A small update, we've got a third guest star for the show.

Class 2 & Overall NABBA UK champion Andy James!!

Looking awesome and still 8 weeks to go!!


----------



## happy haggis (Mar 5, 2005)

i be there too doing a test paper.( hopefully)


----------



## Neil R (Oct 29, 2006)

Poor paul...how will his ass survive


----------



## Neil R (Oct 29, 2006)

Well, just under 5 weeks to go.

Anyone thinking of competing??

Bodyworks?? You & Rach gonna be hitting the stage??


----------



## bodyworks (Oct 17, 2007)

nope. not this time. got 3 guys and 1 laydee doing the show, and a gym full of people turning up to watch em.

looking forward to it. Always a good show.


----------



## Neil R (Oct 29, 2006)

Shame you're not competing but ...

See ya their any road up!!


----------



## Neil R (Oct 29, 2006)

Seems like a fair few people are going to watch this, which is really good, but not hearing much about competitors!

I think, so far, theirs only 1 Class 4, no class 3, possibly 1 Class 2 & possibly 2 Class 1's

A few novice/first timers but about 5 or 6 in the womens class.

So come on guys, don't be shy whos competing, or know of someone who's competing??

Can't have a show without competitors!! LOL


----------



## bodyworks (Oct 17, 2007)

calm down dear. i can name about ten guys i know who are doing the show in various classes. my money's on the class 2 fella.


----------



## Neil R (Oct 29, 2006)

Great stuff!!

Class 2 you say? Anyone I know??


----------



## bodyworks (Oct 17, 2007)

yep. i'm backing him for the solely unbiased reason, he's a friend. he is looking good though.


----------



## Neil R (Oct 29, 2006)

Would it be Craig by any chance??


----------



## bodyworks (Oct 17, 2007)

no paul mason. last years novice class british champion, stepping into the misters. much improved from last year too. craig will hopefully be back in the not too distant future, with his lines it's a crime he doesn't compete more often. is mr Rushton gunna be up on stage in the BIG misters class though ?


----------



## Neil R (Oct 29, 2006)

Bodyworks said:


> .... is mr Rushton gunna be up on stage in the BIG misters class though ?

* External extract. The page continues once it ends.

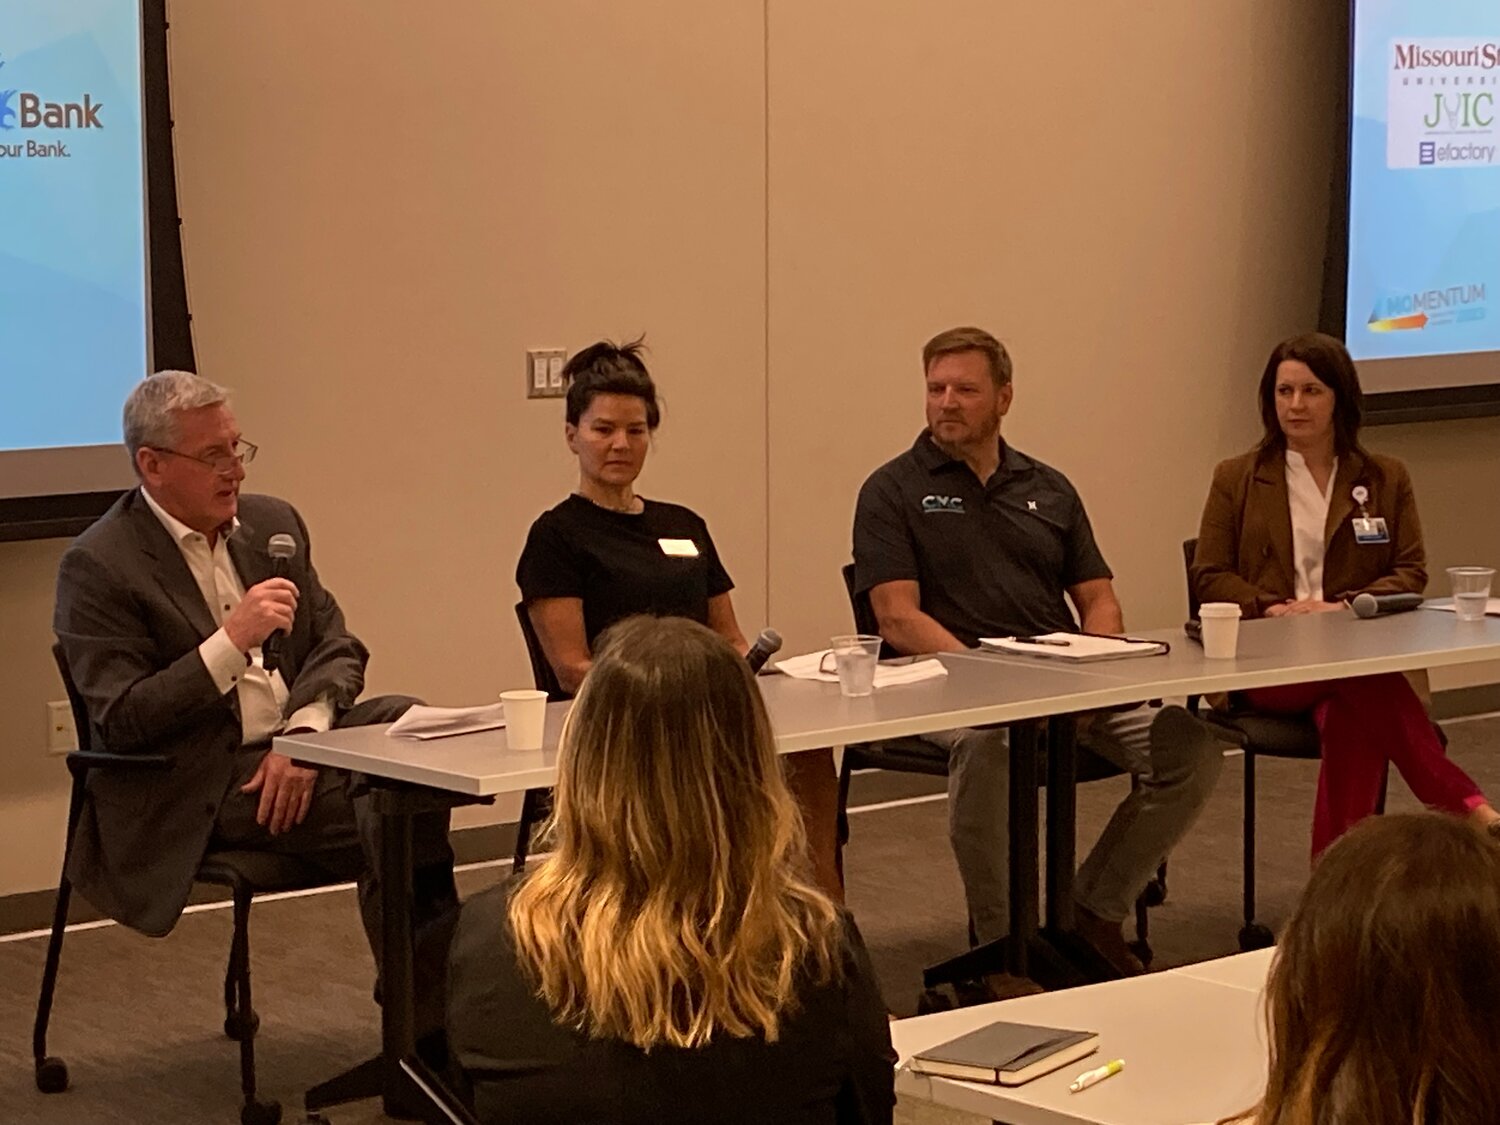 TALENT ATTRACTION: At left, Mark McNay of SMC Packaging Group speaks on ways his company attracts talent, as panelists Shelly Phillips, Lee Loveall and Katelyn Lenhart listen.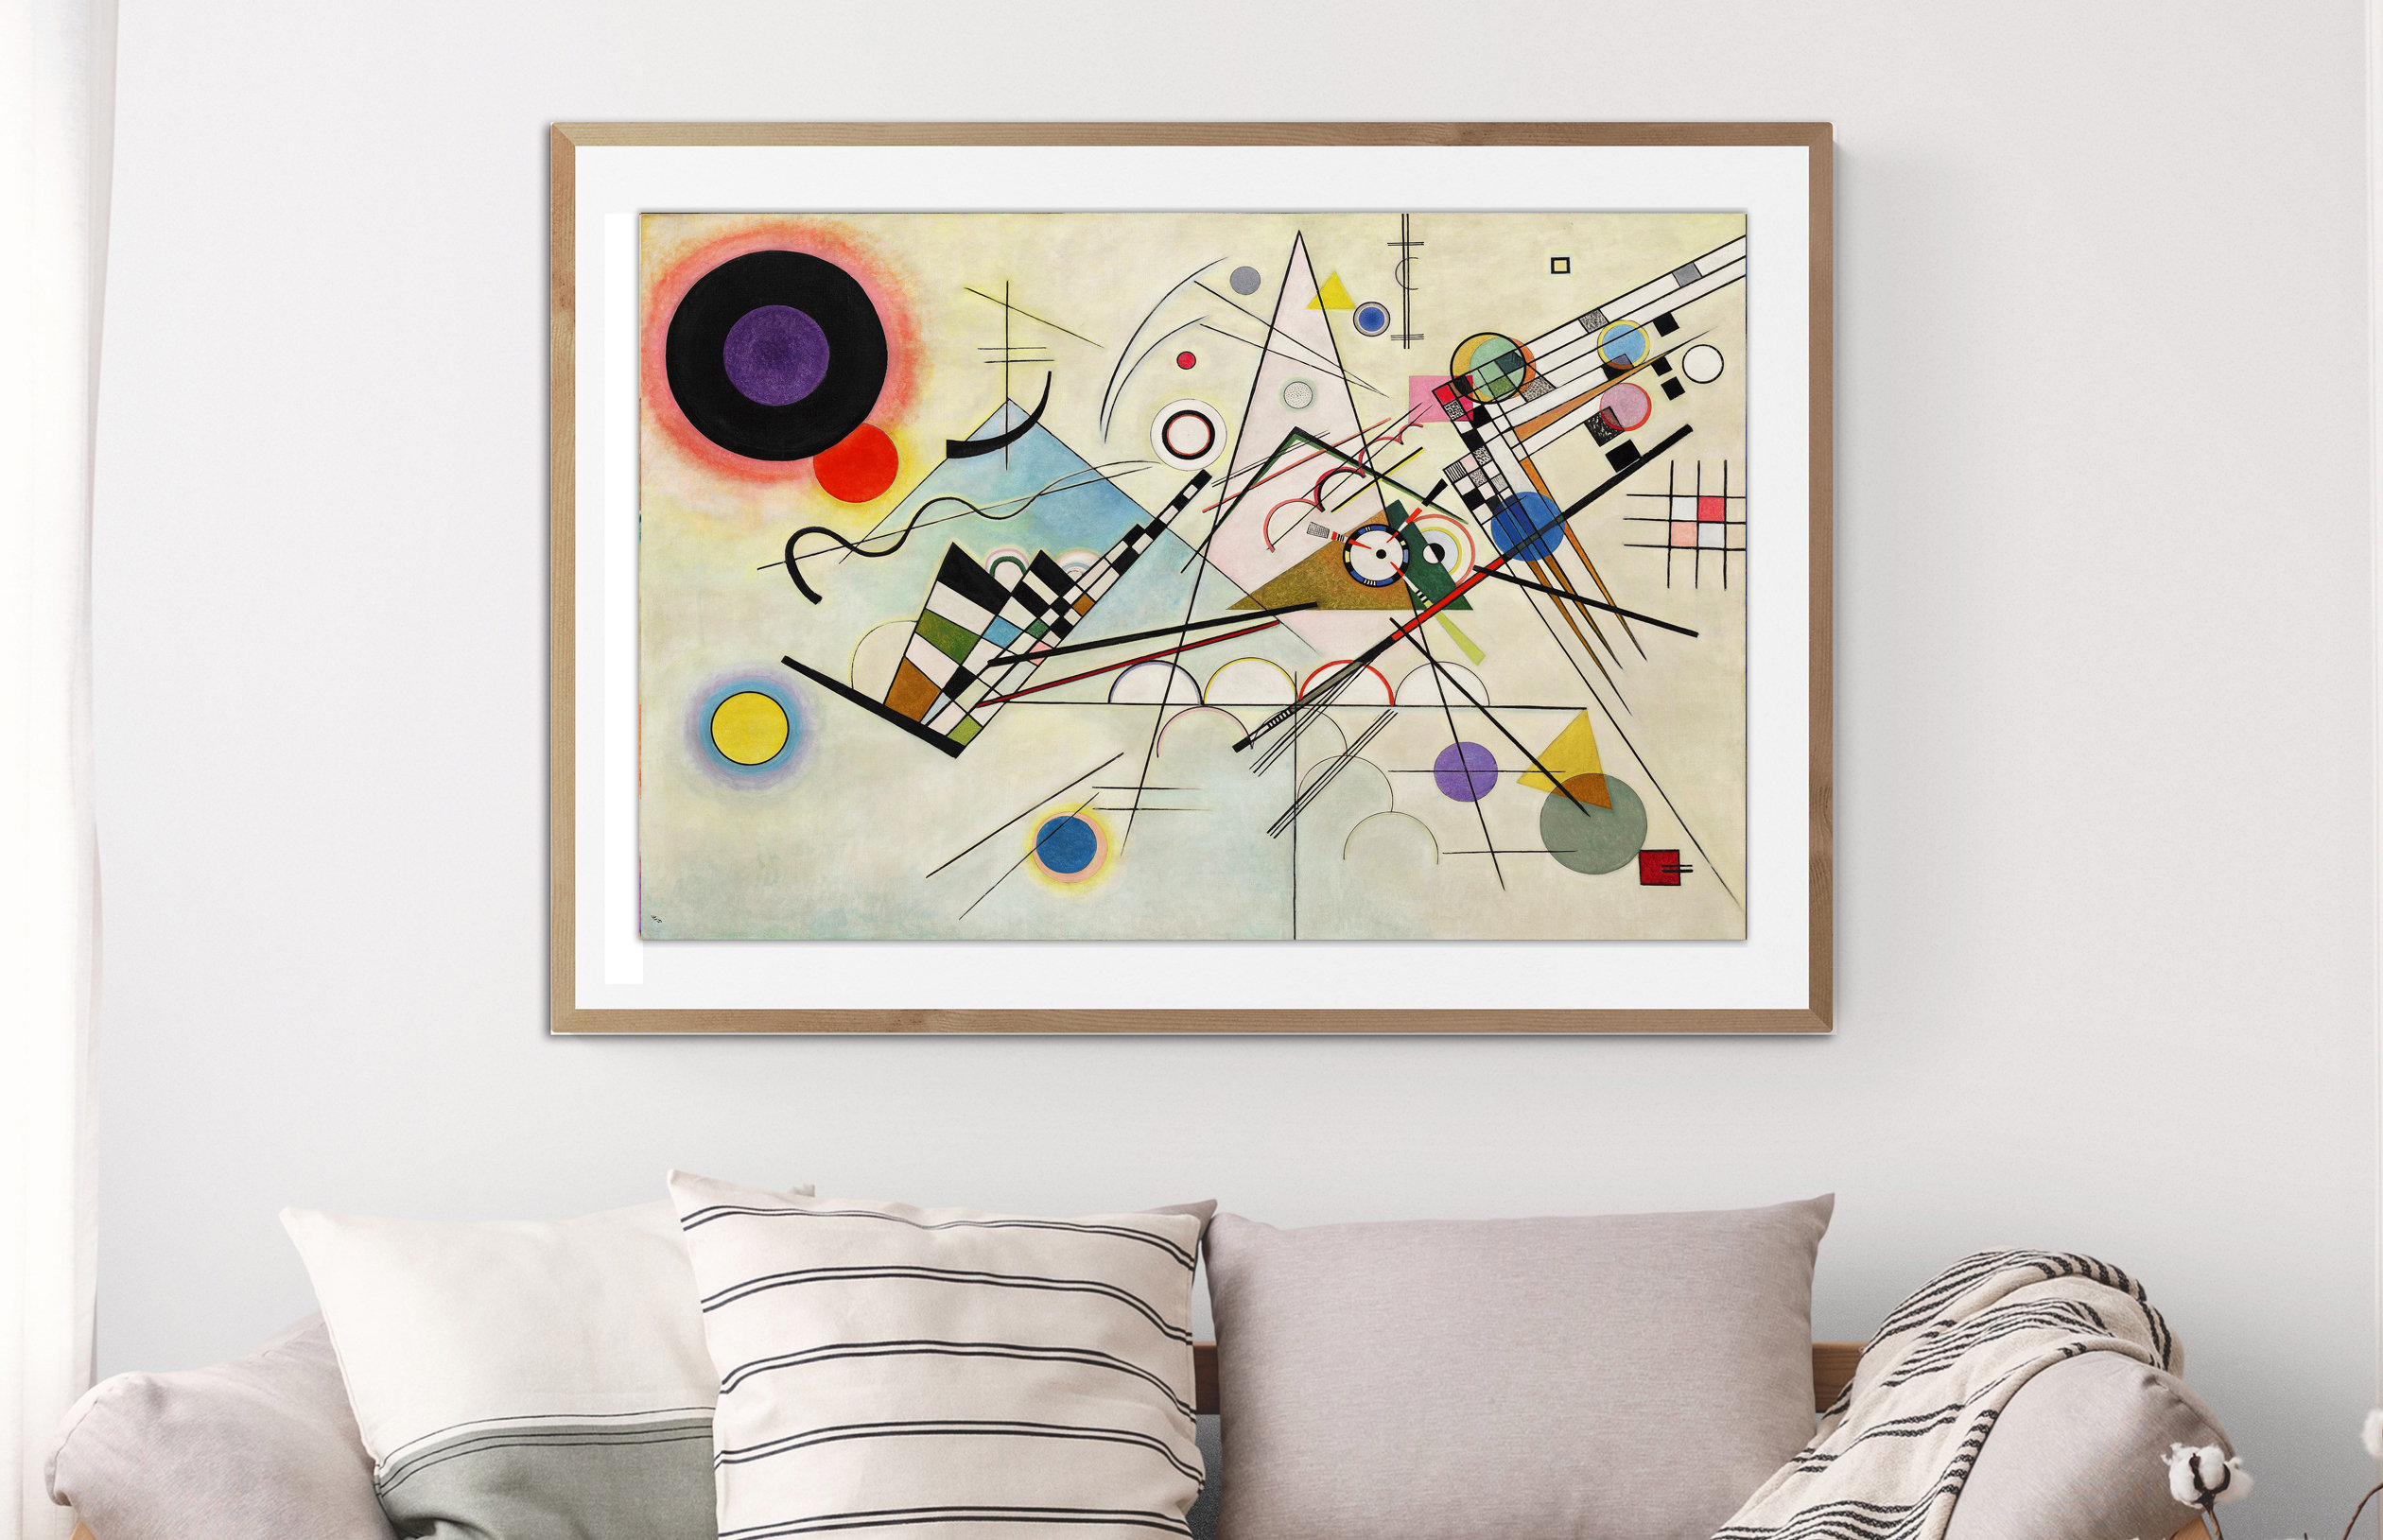 Fine Art Print Modern Artwork Abstract Wall Décor Colorful Wall Art Deepened Impulse by Wassily Kandinsky Expressionist Poster

i have heard a wisper that he's contemplating it, but he can't get the last bit of fat from his lard-arse so he might not!!!


----------



## Neil R (Oct 29, 2006)

He's also turned into an anorexic pencil-neck, apparently he's down to a miniscule, carb depeleted 16st 10! :jaw:


----------



## Guest (May 15, 2008)

i been helping a young lady perpare for the toned class 1st time on stage, hopefully she can impress. her fella is alos doing the 1st timers he is one to watch out for.

and from young to old we have a guy doing the over 50's and big bad paul mason in the class 2's im more excited for them than i am when i compete

xx


----------



## Neil R (Oct 29, 2006)

Yeah, its gonna be a great show (as always!!  )

I'm glad I've got today off work to rest up coz I'm gonna be a busy bugga!1

I'm on Front door/Security & Stage Manager duties...as well as competing!!!

good Job i'm class 1 and will be last on. hopefuly I'll get a bit of time to at least put some tan on before I kick my own arse for not being ready in time!! LMAO


----------



## LeeB (Oct 5, 2011)

good luck for the show neil!


----------



## Rianabol1466867922 (Feb 25, 2005)

Good Luck Neil

I wish u all the best

R


----------



## Pikey1466867920 (Apr 24, 2004)

Good luck Neil - I'll see you tomorrow.


----------



## Neil R (Oct 29, 2006)

Cheers guys!

I started dieting for a bit of fun...a different challenge...and I thought sod it, I'm enjoying training, enjoying dieting why not compete and enjoy that too!! So thats what i'm doing!


----------